BUENA VISTA, Va. -

We're uncovering more about possible fraud from the fire chief in Buena Vista.

Butch Lawhorn has taught volunteer first reponders swiftwater rescue procedures for years, but State Police think he may have faked his credentials and given out bogus certificates.

That means he may have illegally billed volunteer first responders for thousands of dollars.

He has not been charged with any crime and in a search warrant for his cell phone, special agents reveal his side of the story.

This week, State Police investigators searched Butch Lawhorn's home in Buena Vista, as well as its local fire department building. What they took from those places hasn't been revealed to the public, but a newly released search warrant outlines the case so far.

Lawhorn has told investigators he is properly certified to teach swiftwater rescue by Rescue 3 International, one of the largest organizations that certifies instructors and students in proper safety procedures.

In the interview with State Police, Lawhorn says he's been certified since 2007, but WDBJ7 sources and the search warrant debunk that claim. He did start the process of becoming an instructor, but investigators say he never finished.

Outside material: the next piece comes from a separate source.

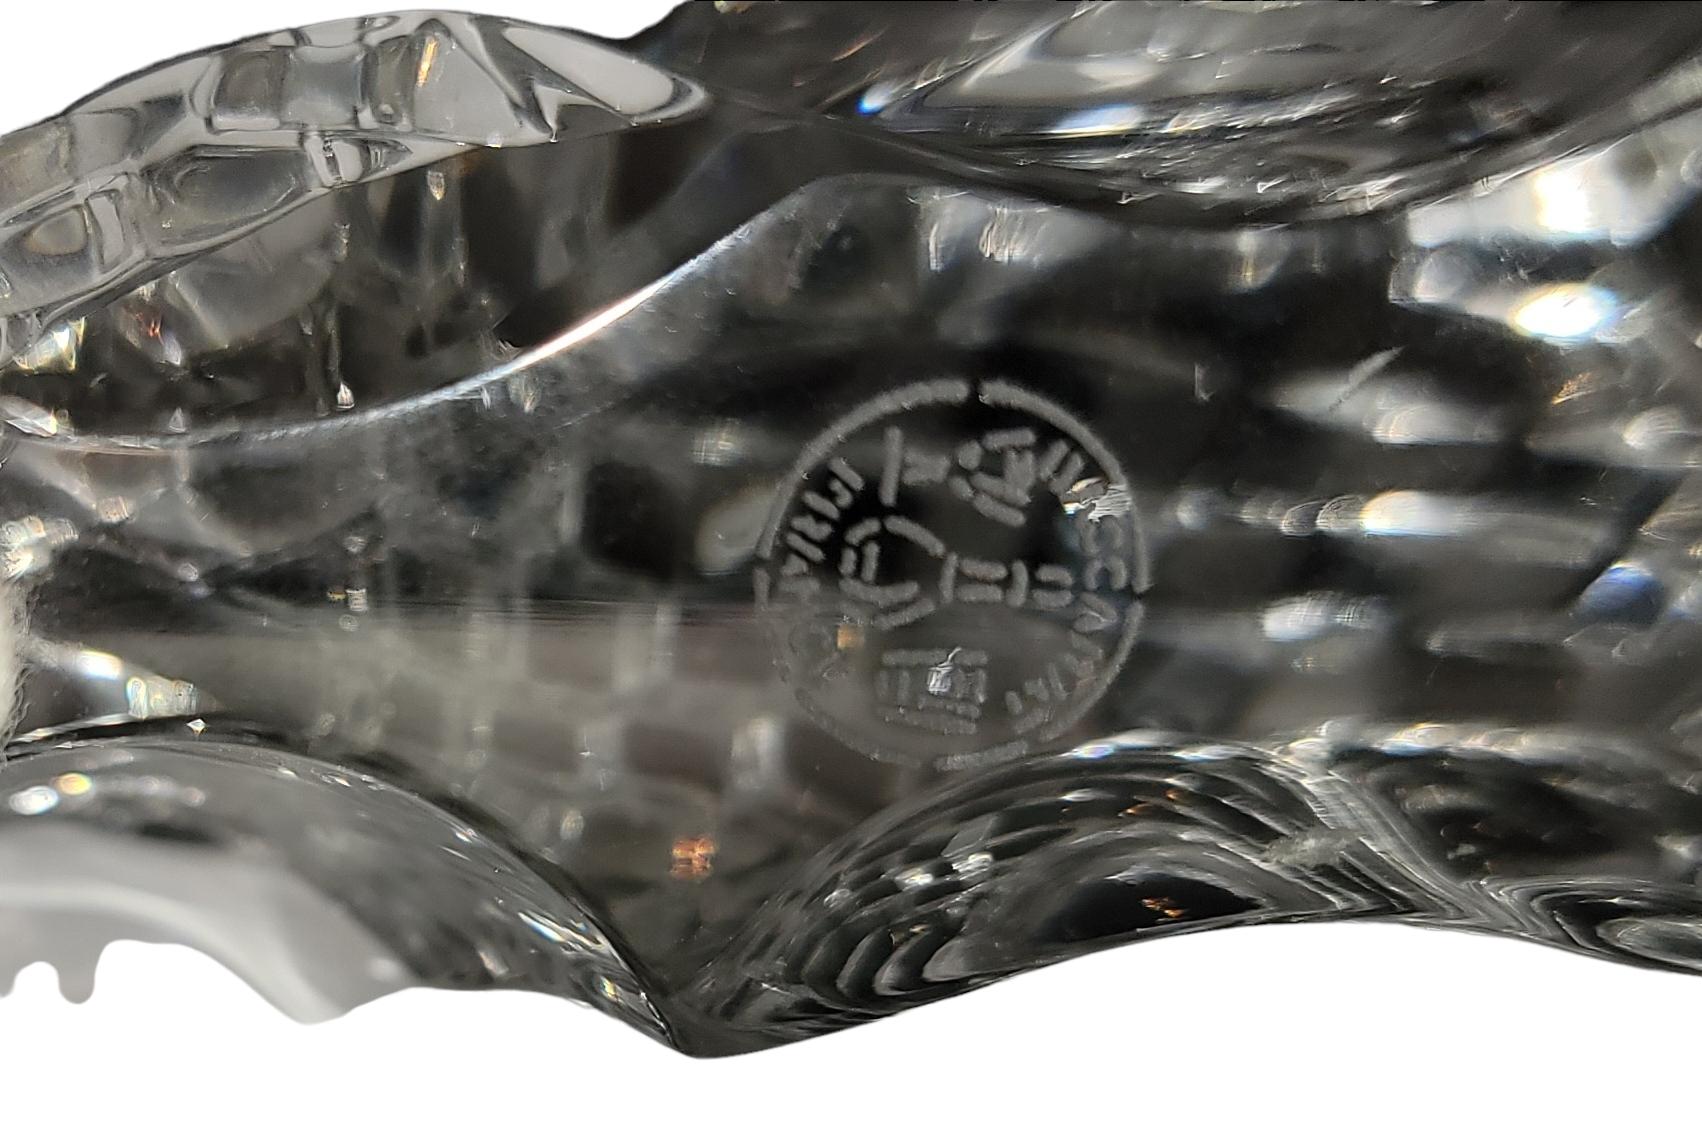 Baccarat Crystal Zodiac Dragon. This dragon is in great shape, the baccarat signature is visible. There is no damage to the dragon. Measures approx - 5.5w x 2.5d x 4h

Lawhorn goes on to say he thought he's been working with an employee from Rescue 3 and has been sending checks for the licensing of teaching materials to a post office box in California. He further claims he's been talking with this man through email.

But State Police investigators say in the search warrant, the post office box and the website for the email address don't exist. Rescue 3 says the man Lawhorn names as Steve Jones is not an employee.

Lawhorn is being investigated at this time, but has not been charged with any crime.

Calls for comment from Lawhorn have not been returned this week, but that may be because detectives have that cell phone.

Officials with the Buena Vista Fire Department declined comment and would not say what his current status with the department is.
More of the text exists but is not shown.